The workflow was pretty straightforward: I’d build a section, send the preview, the designer would check it on their end (sometimes on different screen sizes), then we’d go over what needed adjustment. A lot of the back-and-forth came down to motion details, things like timing, easing, and getting spacing right across breakpoints.
One thing that helped a lot was being clear about tradeoffs. If a design detail was possible but would take extra time or add unnecessary complexity, I’d call it out early and suggest a simpler option that still achieved almost the same result.
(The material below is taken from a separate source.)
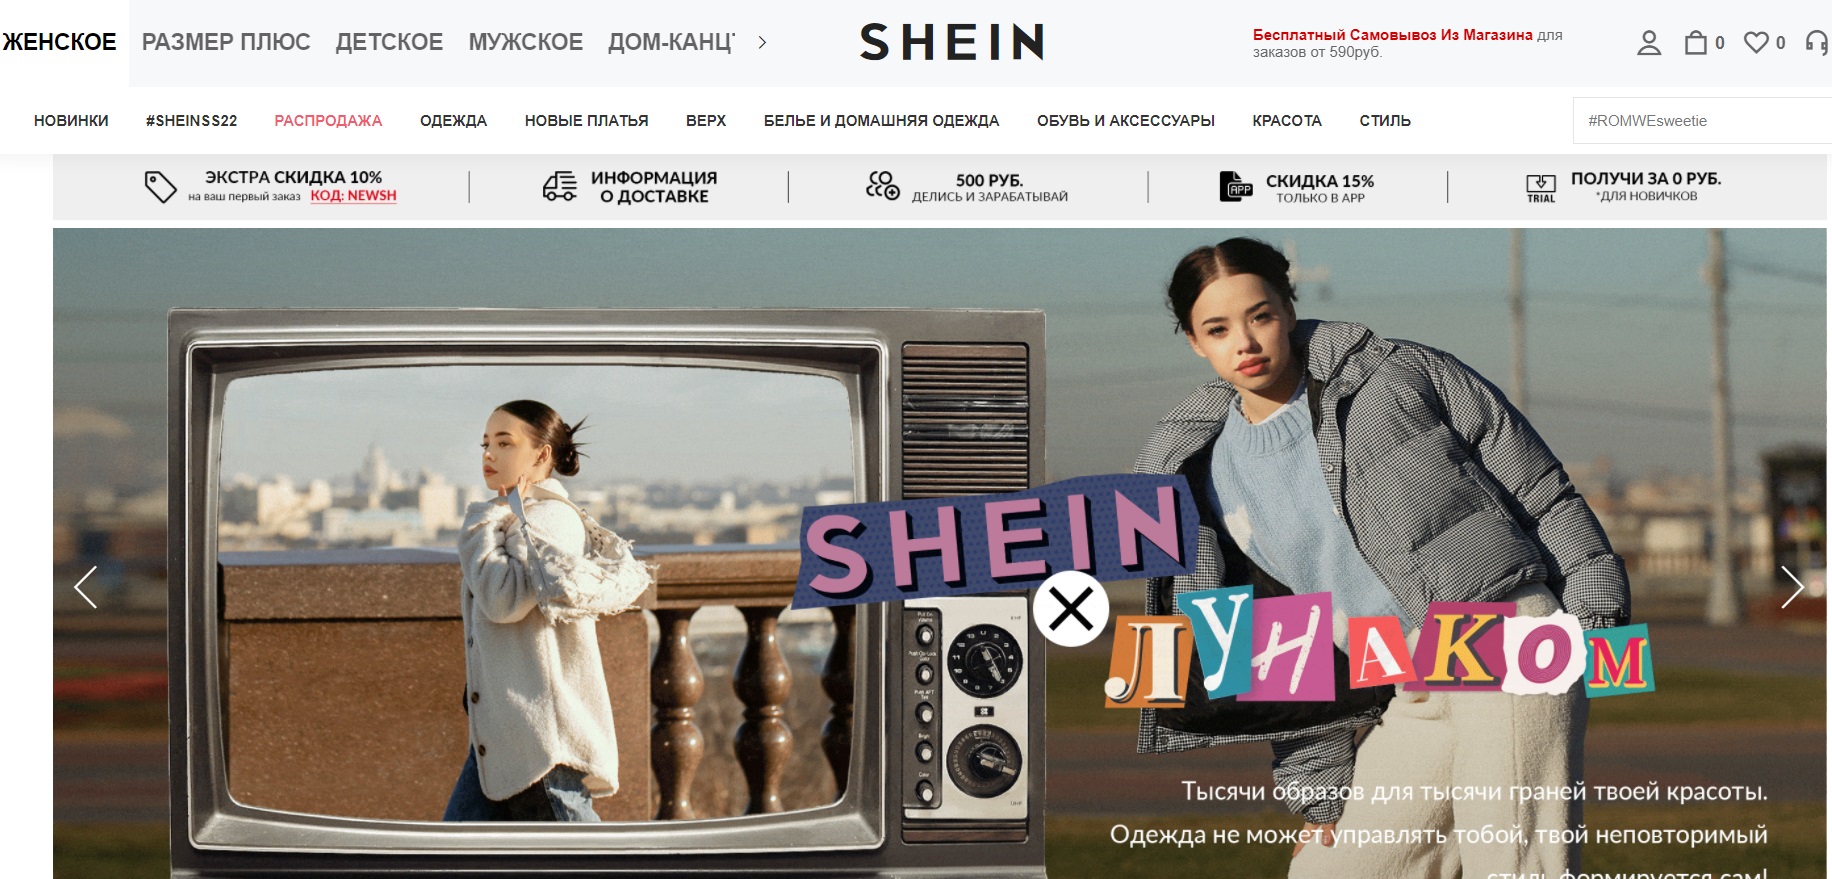 SHEIN официальный сайт интернет-магазина

Most of the time, we went with the simpler approach, which kept things moving without sacrificing quality.
What matters most isn’t the tools, it’s knowing when to pause and clarify a design before coding. It’s a lot easier than reworking a whole section later.
Current State
✓ Shipped
Hero, Features, Stats, FAQ, CTA, Navigation, Footer, all sections built and deployed to Vercel.
◷ In Progress / Planned
Additional content pages (resources, about), further test coverage expansion, accessibility audit and ARIA improvements.
The site is live and functional at vax-now.vercel.app. The codebase has 19 commits and is structured to be handed off or extended by another engineer without a long onboarding period.